Objective To clone S100A4 cDNA and construct pcDNA3.1-S100A4 recombinant expression vector, transfect gastric cancer cell line MKN1, and observe the expression of S100A4 in gastric cancer cells.

Methods Total RNA of human gastric epithelial cells GES-1 was extracted by Trizol method, and cDNA containing S100A4 gene was obtained by reverse transcription reaction. The sequence of S100A4 gene was obtained from GenBank by polymerase chain reaction (PCR), and primers were designed to amplify the product with a molecular weight of 327 bp. The pMD18-T simple-S100A4 recombinant plasmid was constructed to transform JM109 bacteria. After the bacterial solution was sequenced successfully, the plasmid was extracted for double enzyme digestion by BamH Ⅰ/Hind Ⅲ, and the enzyme digestion products were recovered and purified, and the expression vector pcDNA3.1 was connected to construct PCDNA3.1-S100A4 eukaryotic expression vector. The purified expression vector was transfected into gastric cancer cell line MKN1 by liposome mediated transfection method. The expression level of S100A4 mRNA in transfected MKN1 cells was detected by reverse transcription polymerase chain reaction (RT-PCR).
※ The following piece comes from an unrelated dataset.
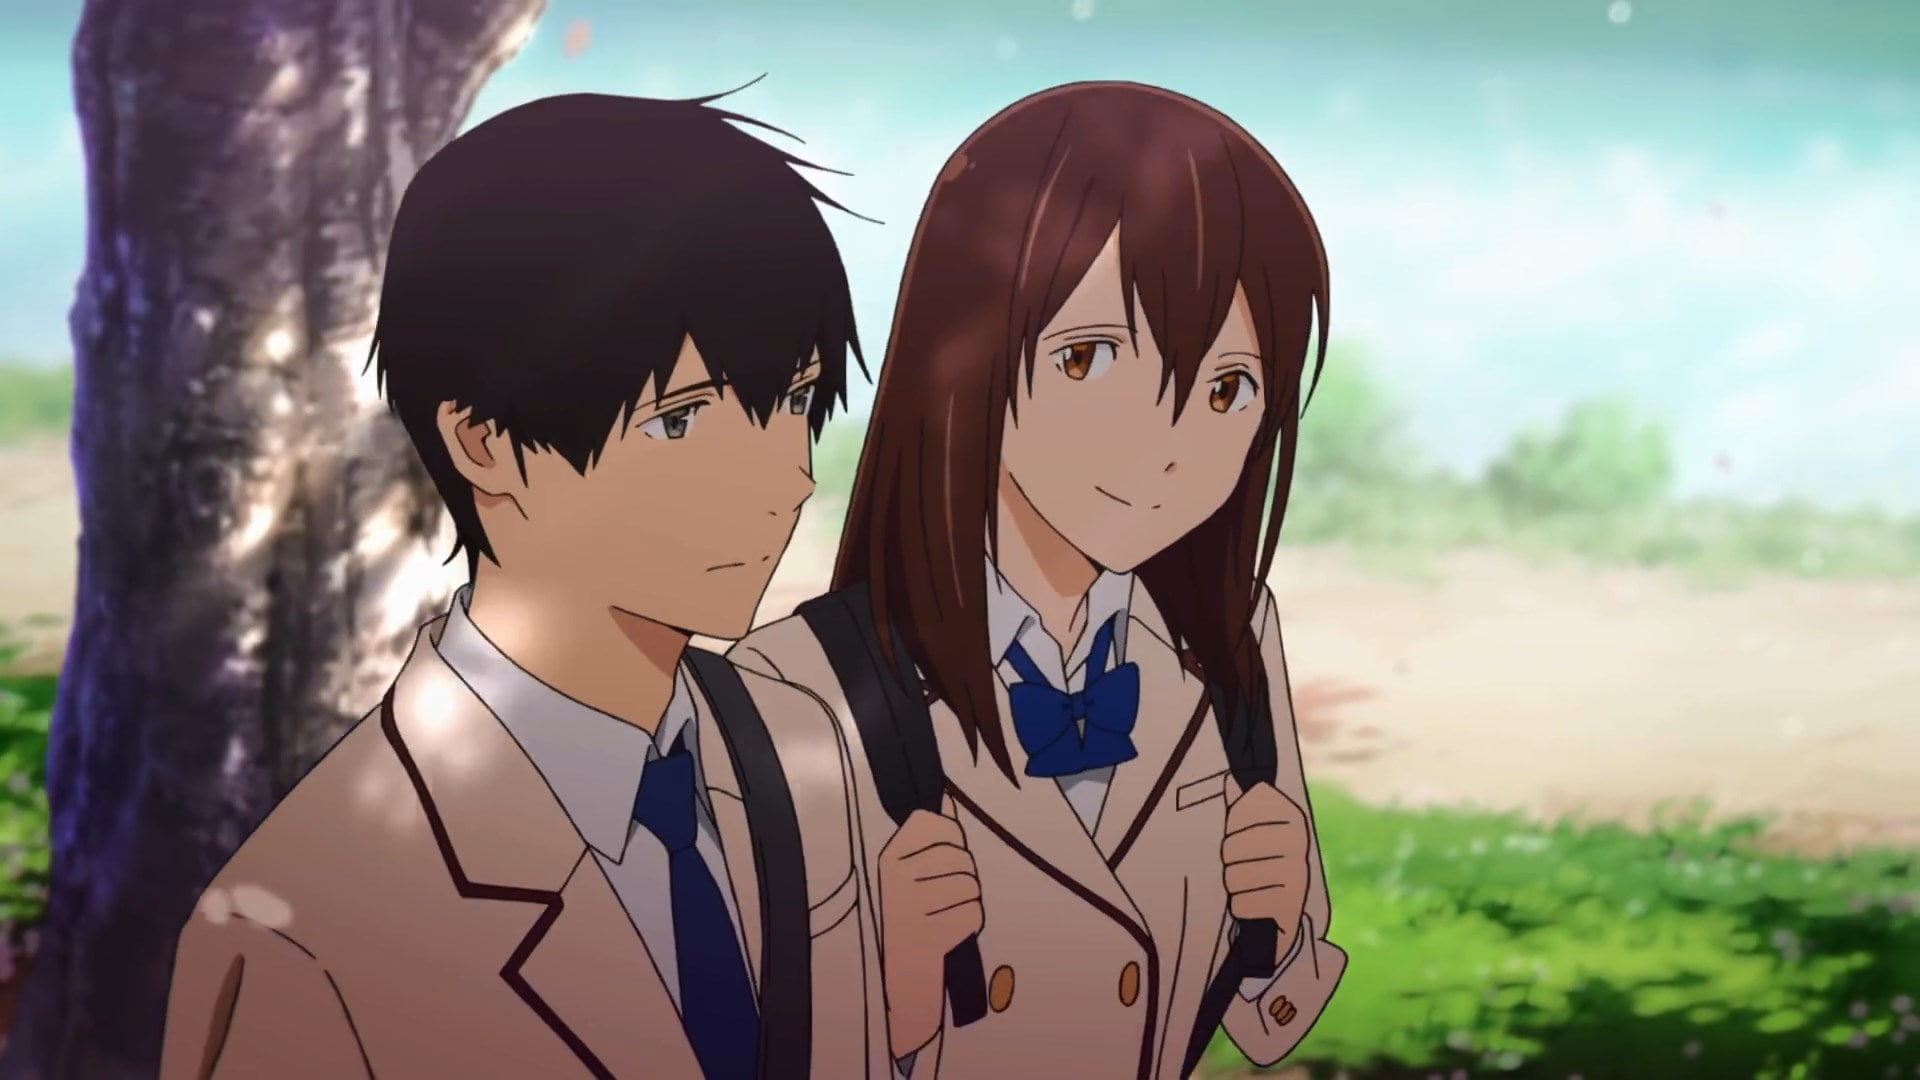 Wallpaper Hd Anime, I Want To Eat Your Pancreas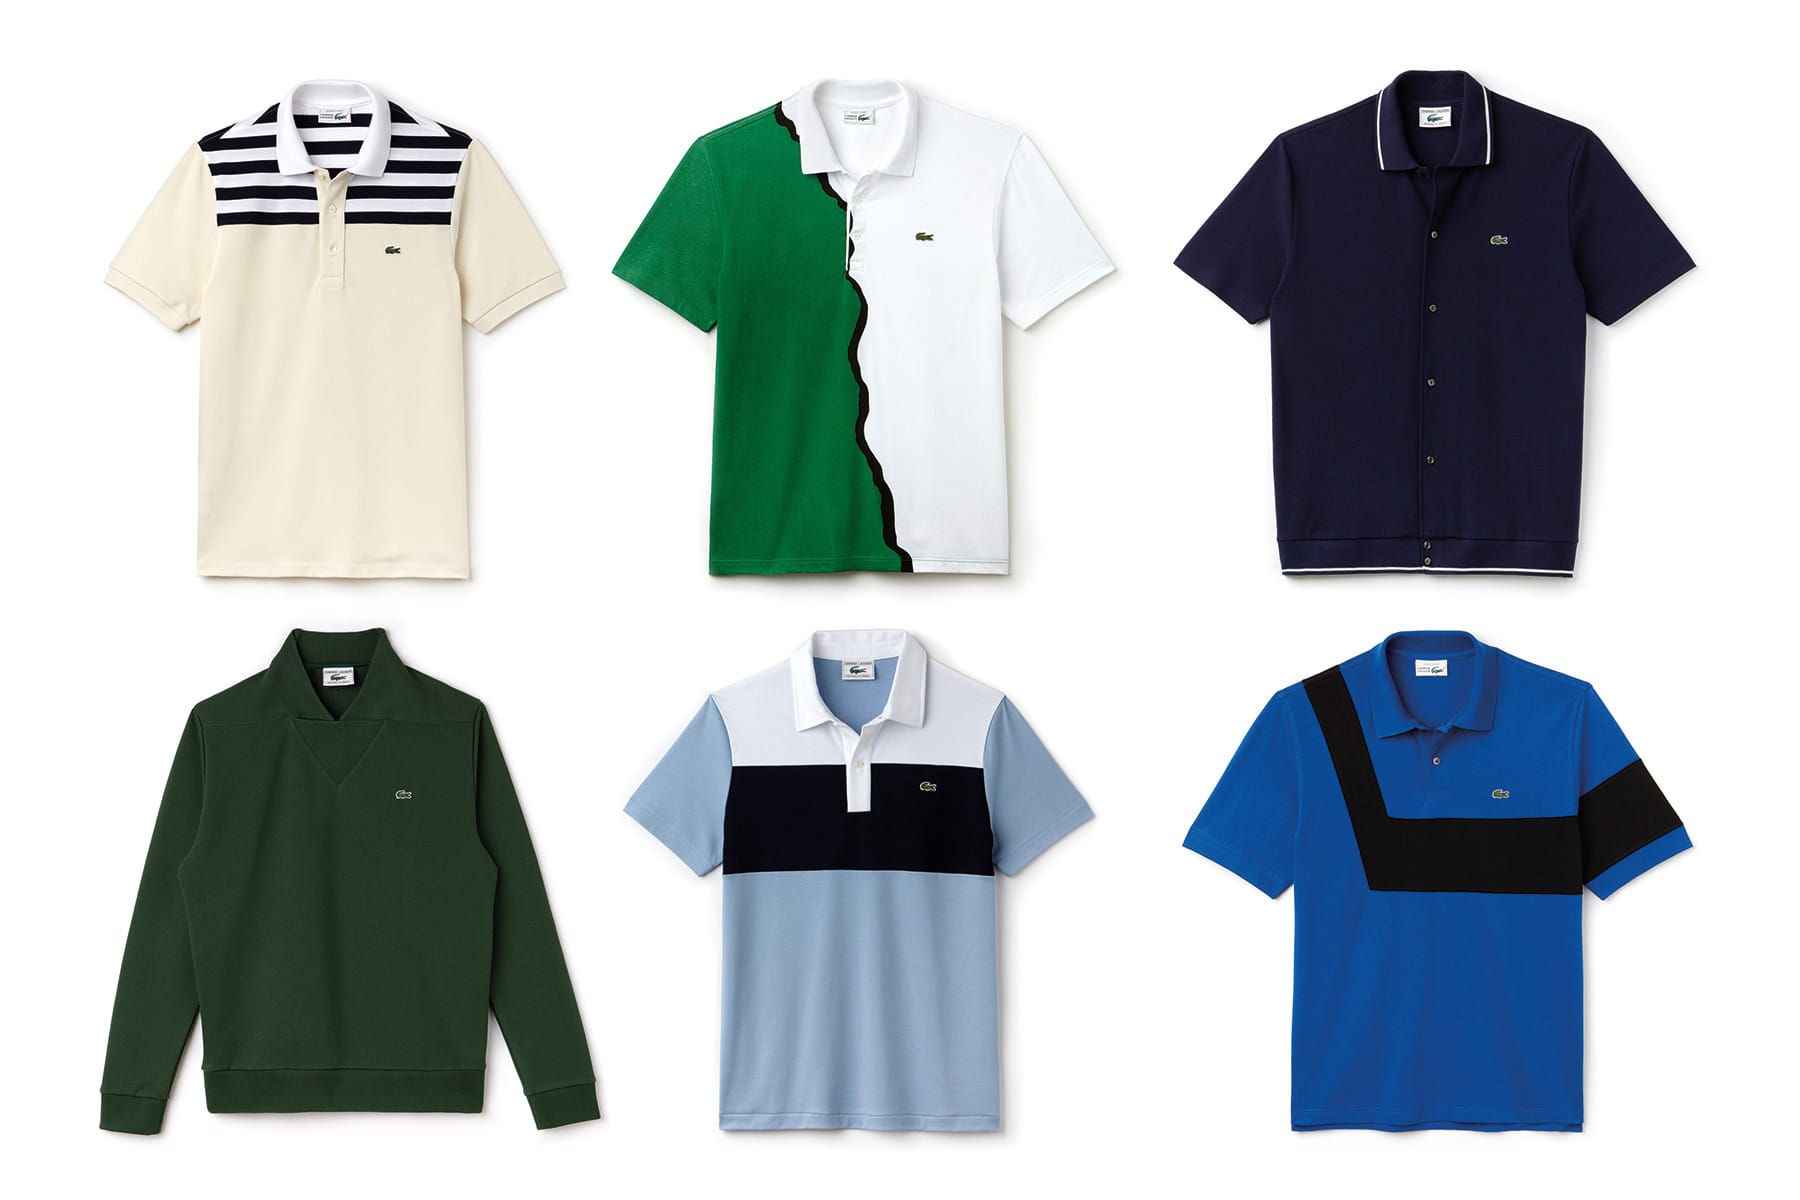 lacoste limited edition polo shirt 2018

Results The sequencing results of the cloned vector linked with PCR products were consistent with the mutation-free sequence published by GenBank, and the eukaryotic expression vector pcDNA3.1-S100A4 could be successfully constructed by double enzyme digestion of Hind Ⅲ/BamH Ⅰ; pcDNA3.1-S100A4 expression vector was transfected into gastric cancer cell line MKN1, and transfected empty pcDNA3.1 vector and normal untransfected MKN1 cells were used as controls. The results showed that the expression level of S100A4 mRNA was increased 48 h after transfection with pcDNA3.1-S100A4 expression vector (P < 0.01).

Conclusion The eukaryotic expression vector pcDNA3.1-S100A4 is constructed, and S100A4 gene is successfully expressed in gastric cancer cell MKN1.